On Aug. 22, 1935, William (Bible Bill) Aberhart swept into power in Alberta, taking 56 of the provincial legislature’s 63 seats, on his promise to pay “social credit” dividends to every Albertan. A Social Credit government, he said, would pay $25 a month to everyone over 21 (and lesser amounts to everyone under 21) – a pledge of windfall purchasing power equal (adjusted for inflation) to $402 a month for every adult in the province.

Sophisticated people in the rest of the country sniffed and sneered, and the Socreds became the party of “funny money.” But there’s profound irony in this enduring insult. The Bank of Canada, which opened its doors the same year, now more or less performs for the nation the very function that Bible Bill promised for Alberta.

John Maynard Keynes understood the revolutionary implication of Social Credit and paid explicit tribute to it. Indeed, he named Major C.H. Douglas, the British engineer who promulgated Social Credit theory, as one of his four “brave heretics,” dissident economic theorists who (Keynes said) could have a more enduring influence on the world than Karl Marx himself.
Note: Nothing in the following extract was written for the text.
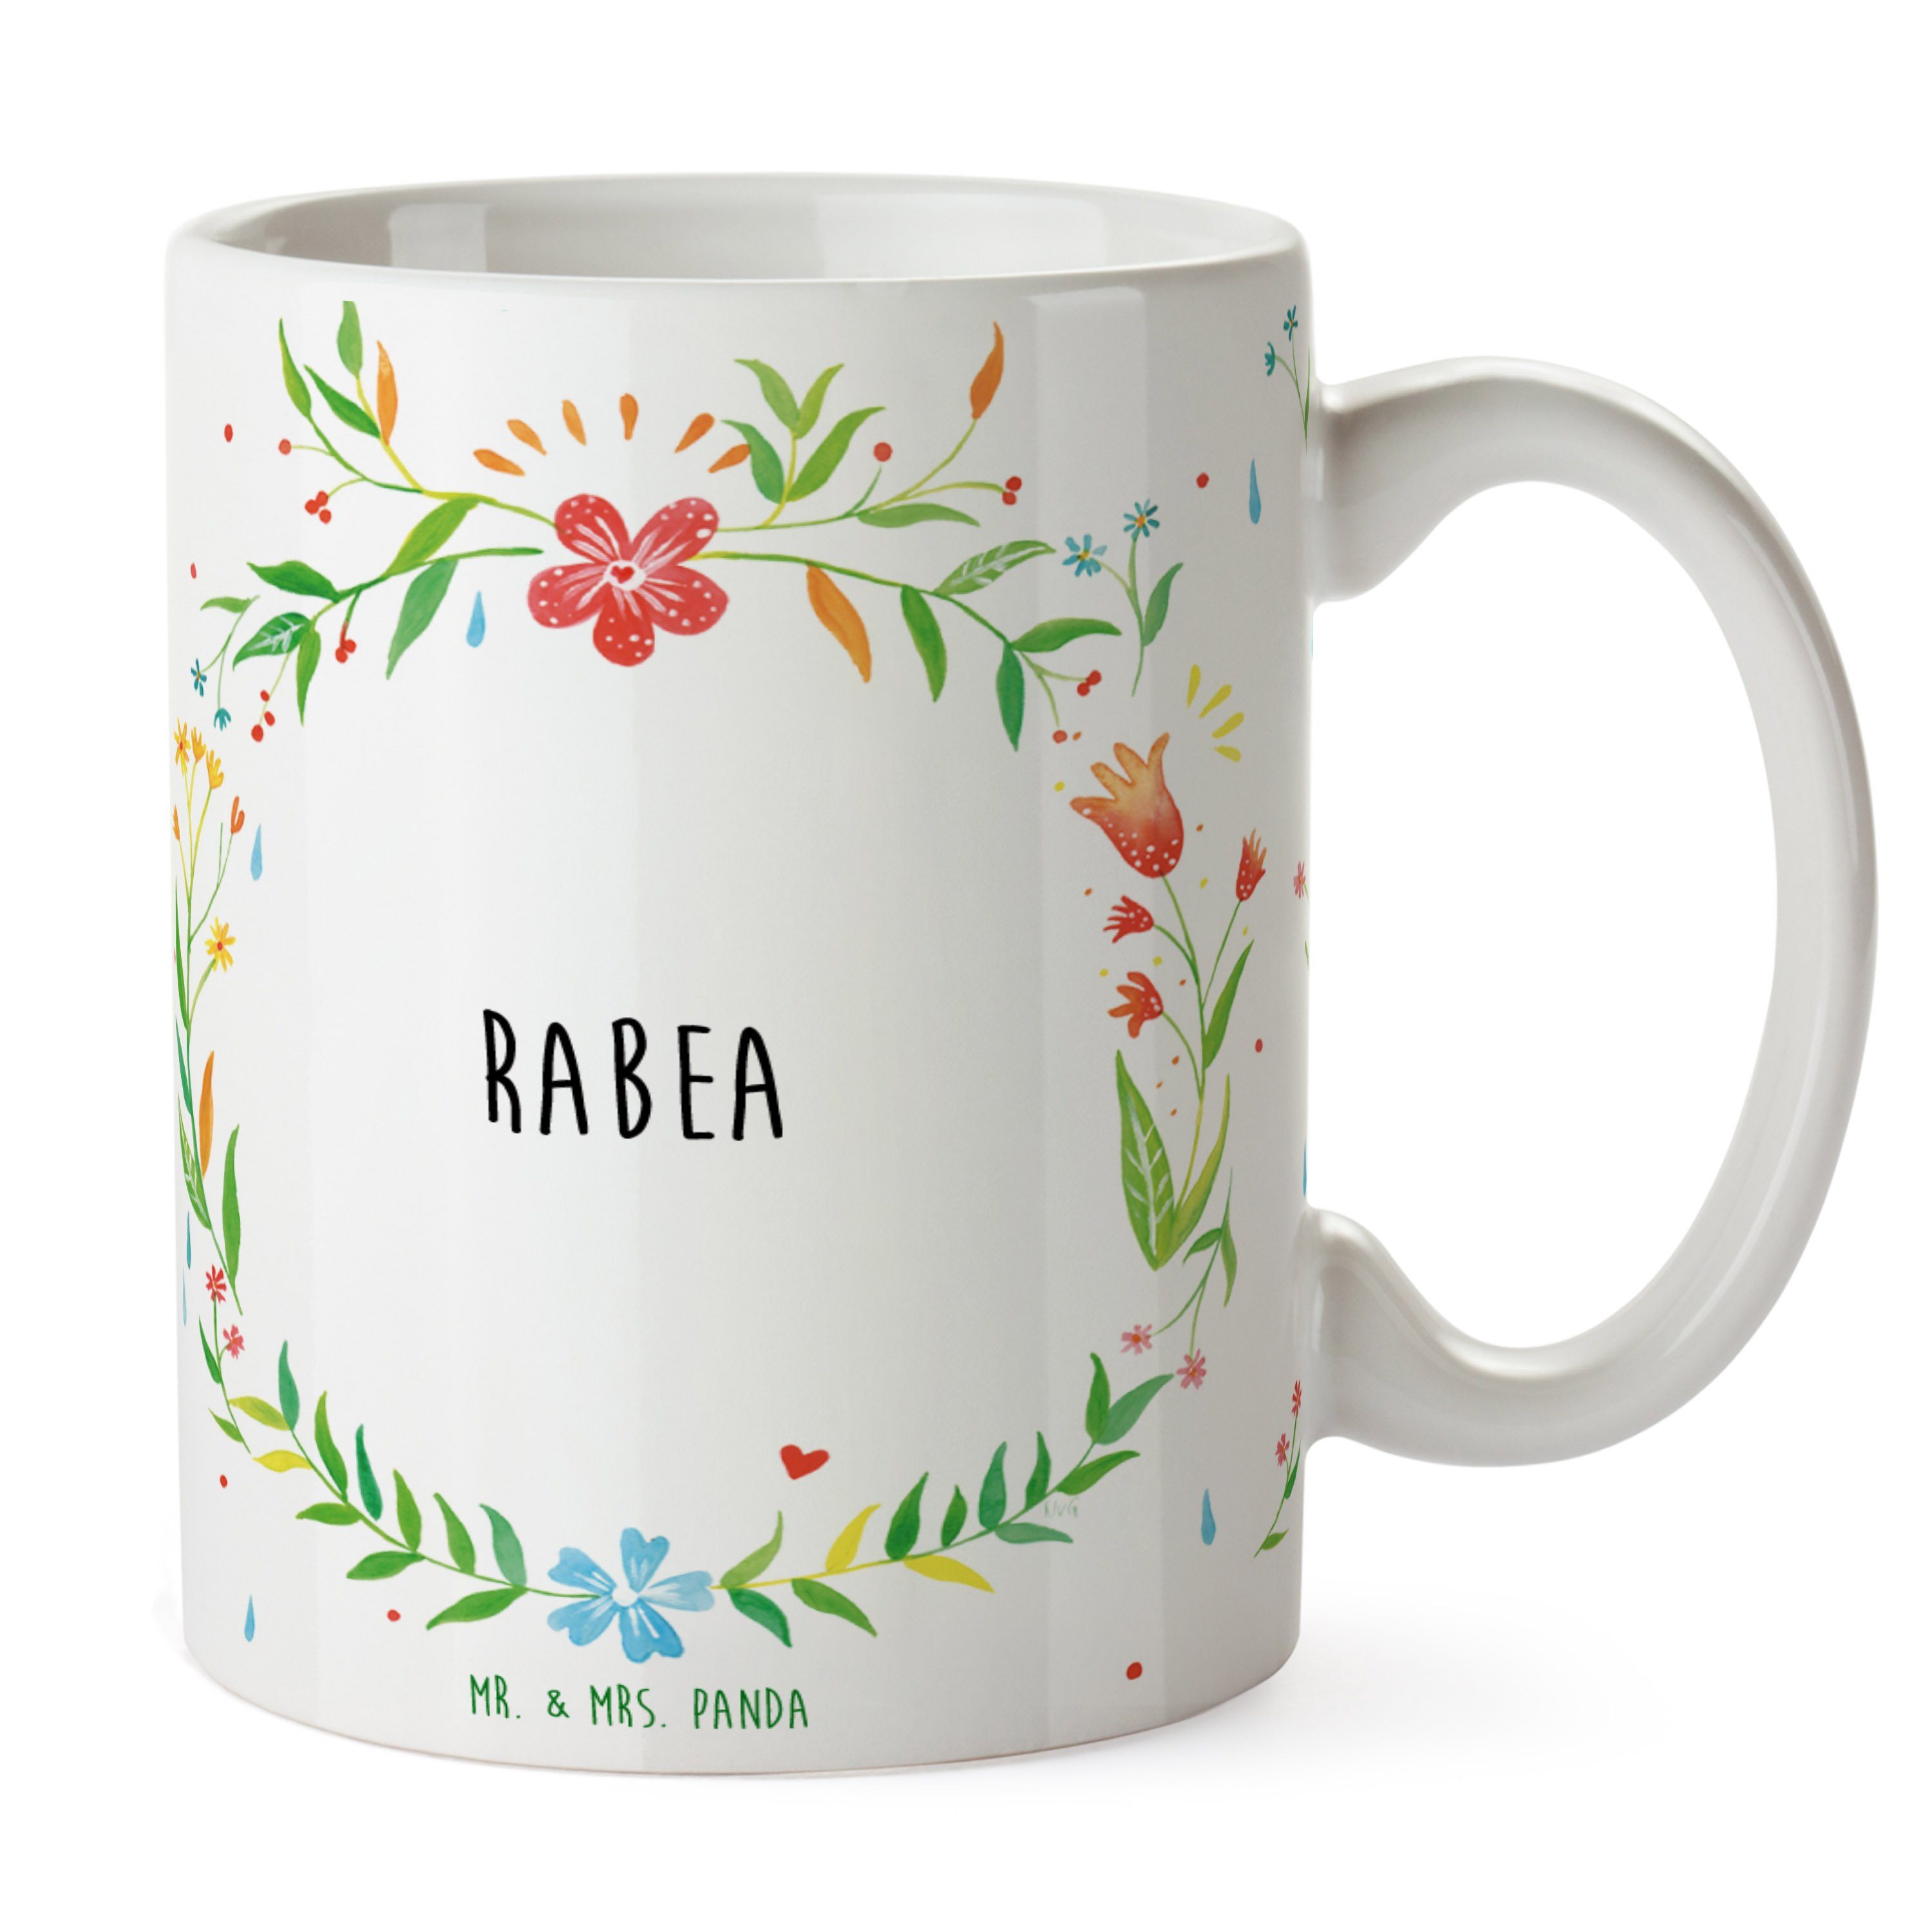 Mr. & Mrs. Panda Keramik Porzellantasse, Geschenk, Tasse, - Geschenk Tasse Kaffeebecher, Tasse, Rabea
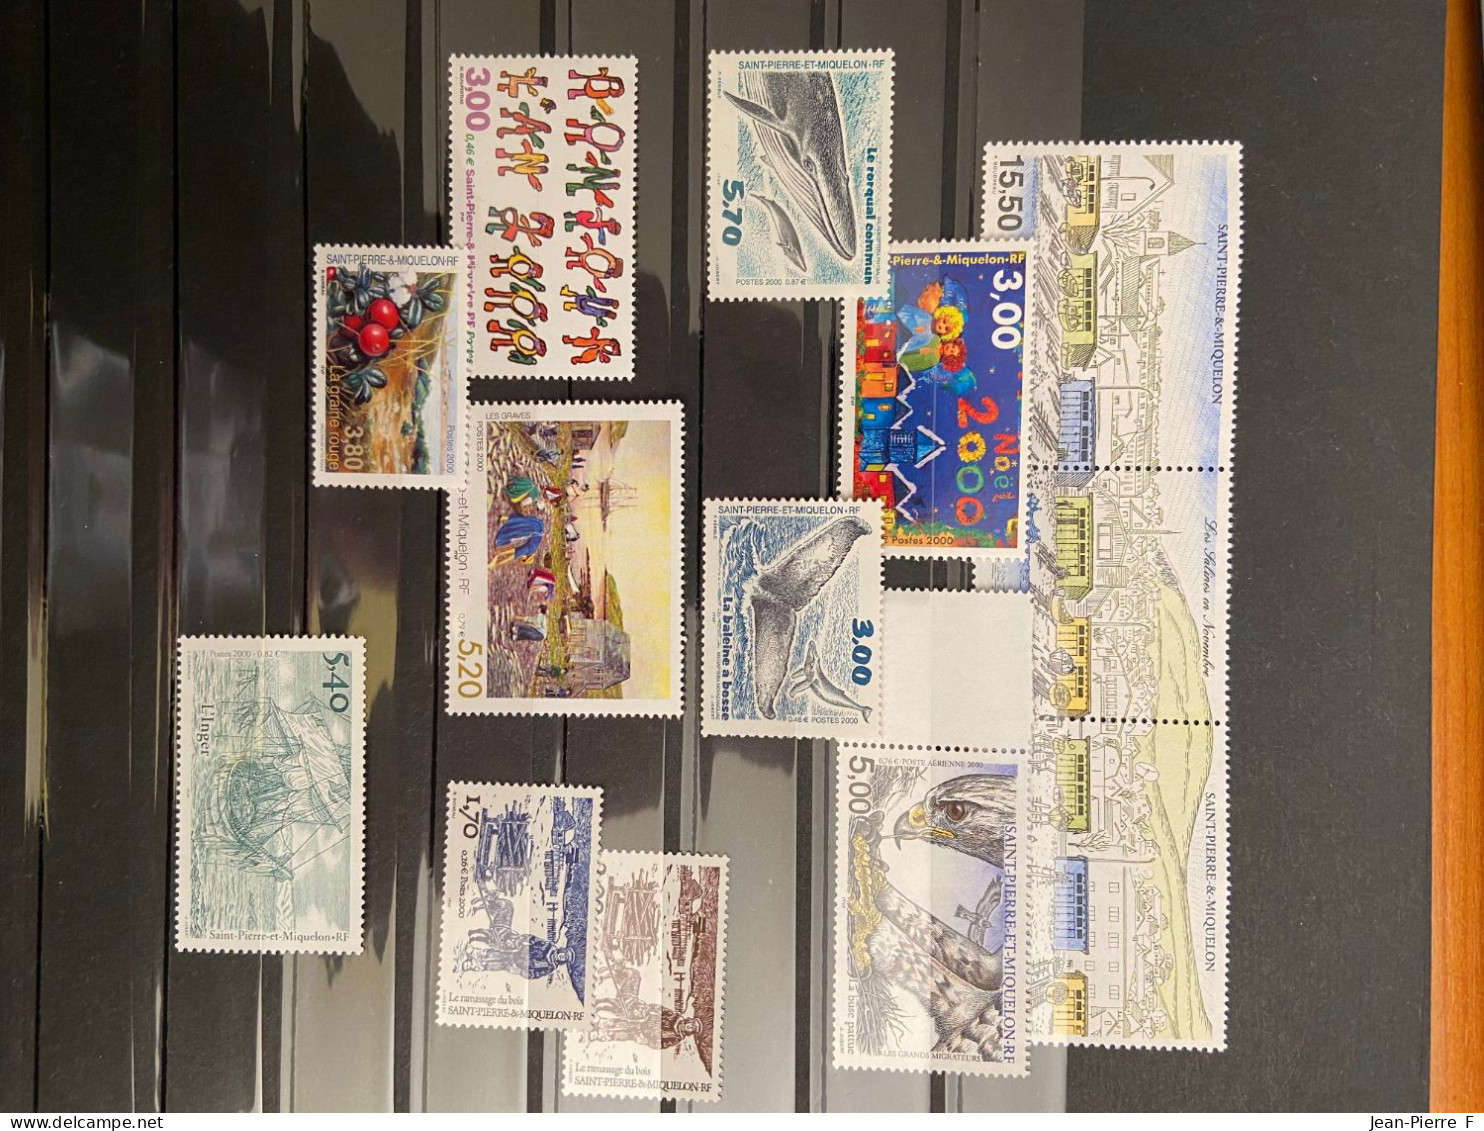 Lot de 500 timbres neufs de Saint Pierre et Miquelon – 1986 à 2003 incluse

Douglas (1879-1952) based Social Credit theory on the fact that banks get to create money out of thin air when they lend out people’s deposits – and get to keep the interest they collect on them. Whose money was this? It was, Douglas said, the people’s money. Therefore, governments should capture these profits and give them directly to the people – either as credit or cash.

From this perspective, Douglas was as much the radical socialist reformer as Keynes’s three other “brave heretics”:

British economist John Hobson (1858-1940), a prolific writer in the Christian Socialist tradition (with more than 50 published books) who advocated the dispersal of a country’s “excess savings” through confiscatory income taxes.

German economist Silvio Gessel (1862-1930), an anarchist who advocated the nationalization of all money (and who served as finance minister for seven days in the “Soviet republic” that briefly seized power in Bavaria in 1919).

English chemist Frederick Soddy (1877-1956), winner of the 1921 Nobel Prize for chemistry (for his discovery of the existence of isotopes), pioneer in the study of radioactivity at McGill University (with Ernest Rutherford) and proponent of three radical economic reforms: (1) abandoning the gold standard; (2) allowing currency exchange rates to float, and (3) using government “benefits” as a macroeconomic policy tool to either speed up an economy or slow it down.

Along with parts of the programs of Douglas, Hobson and Gessel, all three fundamental components of Soddy’s “scientific economics” are now the stuff of conventional, everyday Keynesian economics.

Back in Alberta, in the worst days of the Great Depression, Bible Bill Aberhart couldn’t implement his Social Credit creed. (Among the expert European advisers he hired as consultants was Gessel, the most radical of Keynes’s “brave heretics.”) The Supreme Court, quite properly, disallowed all of the Social Credit legislation, which sought to place national banks under provincial control – and which also sought to imprison people who might subvert the Socred revolution. (Further still, Social Credit was notoriously anti-Semitic – but then, some historians say, so was Keynes.) Yet, the Supreme Court had no problem when the federal government effectively put the national banks under federal control for the same “social credit” objective.

Graham Towers, first governor of the Bank of Canada, conceded the point when he appeared before a parliamentary committee in 1939: “The primary function of a central bank is the control of the commercial banks’ cash reserves.” For all practical purposes, government control of cash reserves is government control of credit. Raise the percentage of people’s deposits that banks are required to hold as reserves, and the banks get to create less new money; lower the percentage, and the banks get to create more new money. (In the 1990s, the Bank of Canada lowered the percentage to zero.)

Douglas, the funny-money theorist, proposed that governments end the Depression by expanding credit, by printing more money and by spreading it around. By this criteria, Social Credit dogma now governs the country and much of the affluent world. Douglas, though, would have preferred a more populist distribution of the wealth: Give the credit and the cash directly to the people – and let the banks fail.